Тем летом он не преподавал; и он перенес первую в своей жизни болезнь. Он пролежал с высокой температурой, вызванной инфекцией неясной природы, всего неделю, но эта неделя его подкосила: он страшно обессилел, исхудал, и у него развилось осложнение, сказавшееся на слухе. Все лето он был так слаб и вял, что, пройдя всего несколько шагов, чувствовал большую усталость; почти все время он проводил на своей маленькой застекленной веранде с тыльной стороны дома, лежа на кушетке или сидя в старом кресле, которое принес из подвала. Он смотрел наружу или в дощатый потолок, изредка заставлял себя сходить на кухню и что-то съесть.
Разговаривать с Эдит и даже с Грейс у него почти не было сил; но Эдит порой заходила к нему, рассеянно беседовала с ним несколько минут, а потом оставляла его одного так же неожиданно, как заявлялась.
Однажды в середине лета она заговорила о Кэтрин. – Я только день-два назад узнала, – сказала она. – Итак, она уехала, твоя студенточка?
Стоунер с усилием отвлек внимание от окна и повернулся к Эдит.
– Да, – мягко подтвердил он.
– Как ее звали? – спросила Эдит. – Мне говорили, но я забыла.
– Кэтрин, – ответил он. – Кэтрин Дрисколл.
– Ах да, – сказала Эдит. – Кэтрин Дрисколл. Ну, видишь теперь? Я же говорила. Я тебе говорила, что это все глупости.
Он кивнул с отсутствующим видом. Снаружи в ветвях старого вяза, стоявшего вплотную к забору, затрещала большая черно-белая сорока. Он прислушался к ее одинокому напряженному крику, глядя на широко открытый клюв птицы с задумчивым восхищением.
Он очень постарел за лето, и, когда осенью пришел в университет, мало кто встретил его без удивления. На исхудалом костлявом лице углубились морщины, в волосах стало гораздо больше седины, и он сильно сутулился, как будто нес невидимую ношу. Голос сделался немного скрипучим, речь – отрывистой, и у него развилась привычка смотреть на собеседника слегка опустив голову, чуть исподлобья, так что ясные серые глаза глядели из-под спутанных бровей недовольно, остро.
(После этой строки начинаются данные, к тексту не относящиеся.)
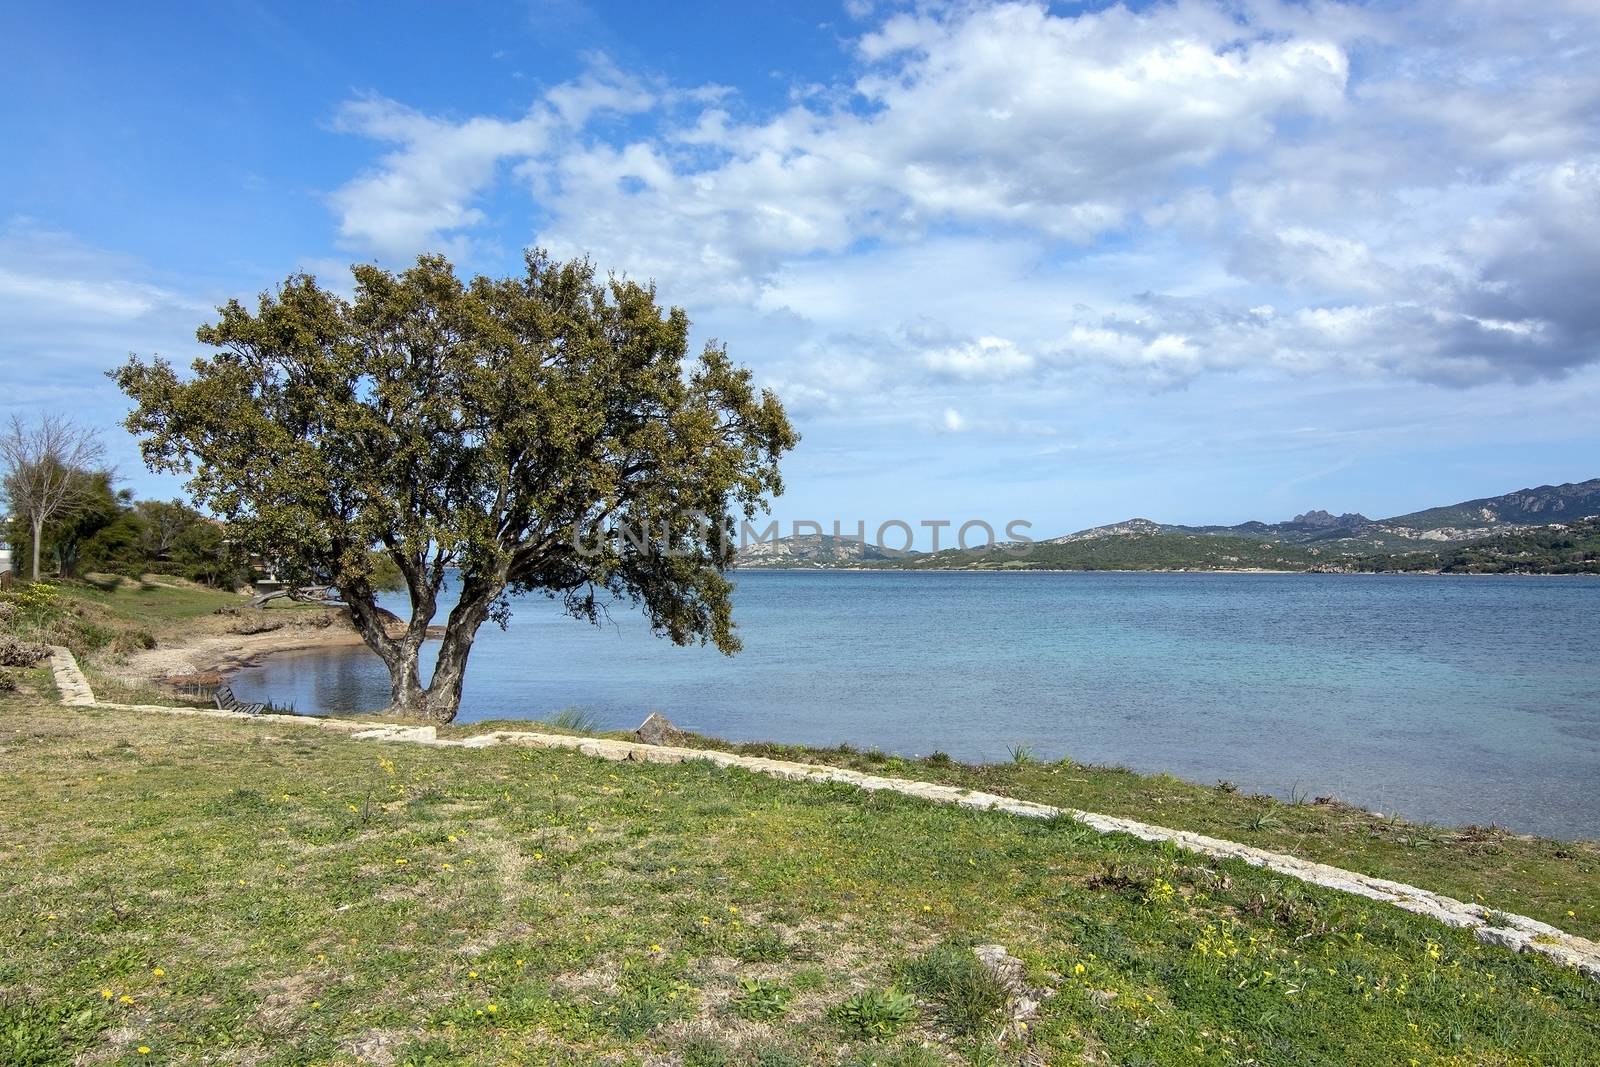 Landscape with tree and sandy beach in Sardinia by ArtesiaWells

Кроме студентов, он почти ни с кем не разговаривал, на вопросы и приветствия отвечал обычно с долей раздражения, а порой и резко.
Усердие, с каким он делал свое дело, забавляло коллег постарше и бесило молодых преподавателей, которые вели, подобно ему, только письменную практику на первом курсе; он тщательнейшим образом проверял и правил студенческие работы, он каждый день консультировал, он добросовестно посещал все заседания кафедры. Он редко выступал на этих заседаниях, но, когда выступал, отбрасывал такт и дипломатию, поэтому прослыл на кафедре человеком с дурным, сварливым характером. Однако с первокурсниками он был терпелив и ровен, хотя требовал от них большего, чем им хотелось, проявляя обезличенную твердость, которую мало кто из них мог понять.
Коллеги, особенно молодые, отзывались о нем как о преподавателе, фанатично преданном своему делу, – отзывались наполовину завистливо, наполовину презрительно, подразумевая, что фанатизм делает его слепым ко всему за пределами аудиторий, в лучшем случае – за пределами университета. Над ним подшучивали: после заседания кафедры, где Стоунер беспощадно раскритиковал последние эксперименты в обучении грамматике, один молодой преподаватель заметил, что Стоунер “испытывает нежность только к деепричастиям”. Он сам удивился тому, как расхохотались и знающе переглянулись иные из старших коллег. Кто-то запустил другую остроту, ставшую ходячей: старина Стоунер, наверно, думает, что Рузвельт – автор учебника под названием “Новый курс”.
Но Уильям Стоунер знал жизнь своим особым знанием, едва ли доступным кому-либо из молодых. Глубоко, глубже памяти, он носил в себе историю тягот, голода, терпения и боли. Хотя он редко вспоминал свои ранние годы на бунвиллской ферме, под верхним слоем сознания всегда жило ощущение кровной связи с предками, чье существование было незаметным, тяжким и стоическим, чья повседневная этика состояла в том, чтобы обращать к недоброму миру непроницаемое, твердое, сумрачное лицо.